We’re buying more stuff with keystrokes and plastic instead of cash these days. Now comes evidence that our cash-light ways may be foiling crime.
Researchers at the University of Missouri-St. Louis looked at what happened when Missouri switched from handing out welfare checks to depositing welfare on debit cards. Burglary, larceny and assault went down, they found. Robbery may have fallen, too, although there weren’t enough robberies in the sample to draw a firm conclusion.
Cash is what the thief wants most. His drug dealer doesn’t take a credit card. So, putting welfare on debit cards makes the recipient is a less attractive target.
If digitizing and plasticizing money also lowers crime, that may bode well for the future. Folding money is slowly going out of fashion. Use of debit cards is soaring. “You can use a credit card to buy a Coke, and pay at the parking meter,” Wright notes. Half a century ago, cash was used in 80 percent of all transactions. Now it’s closer to half, including quarters dropped in the soda machine.

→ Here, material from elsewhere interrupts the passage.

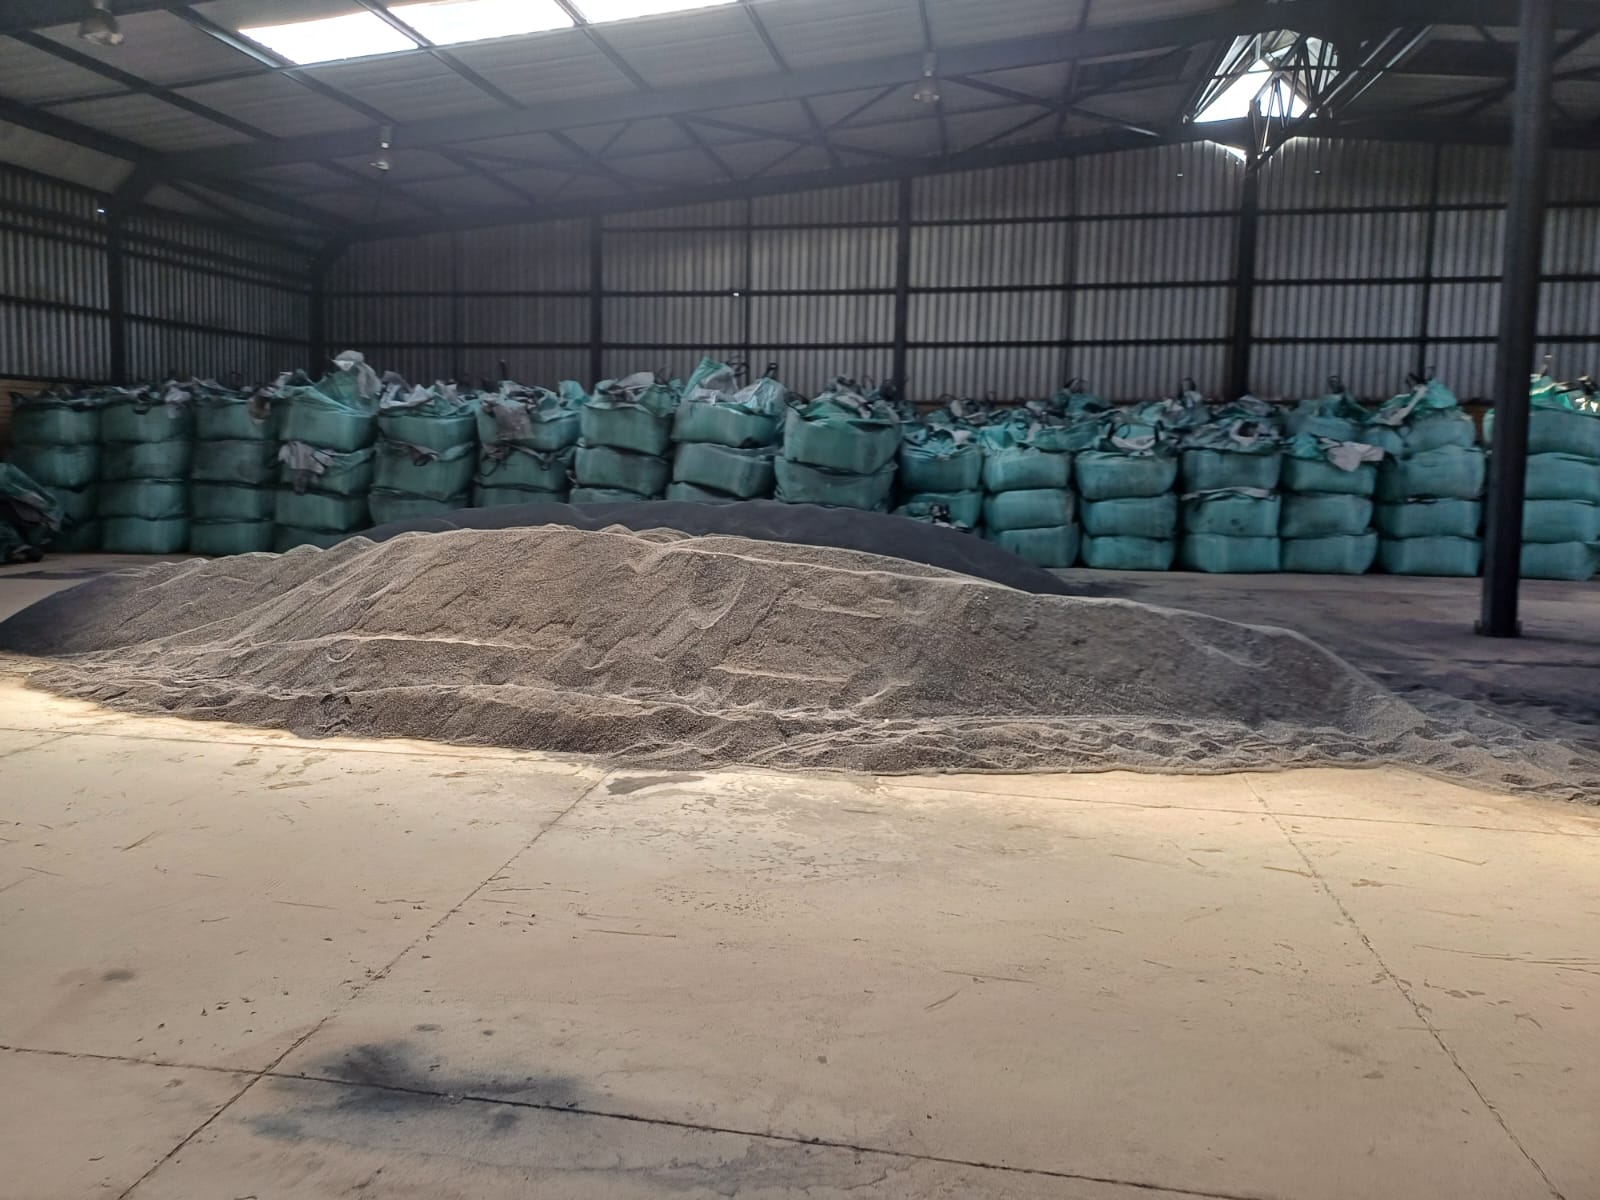 Stolen minerals worth millions from Richards Bay minerals recovered by SAPS at Johannesburg warehouse

Crime tends to be concentrated in poor neighborhoods, where welfare recipients live. Less cash meant leaner pickings for burglars and thieves of all sorts.
So, will our increasingly cashless society become safer from street crime? “It’s certainly suggestive of that,” says Wright, although the study alone doesn’t prove it.
On the other hand, digitizing money enables a new brand of thief, the cyber criminal. Their typical theft makes a street robbery look penny ante.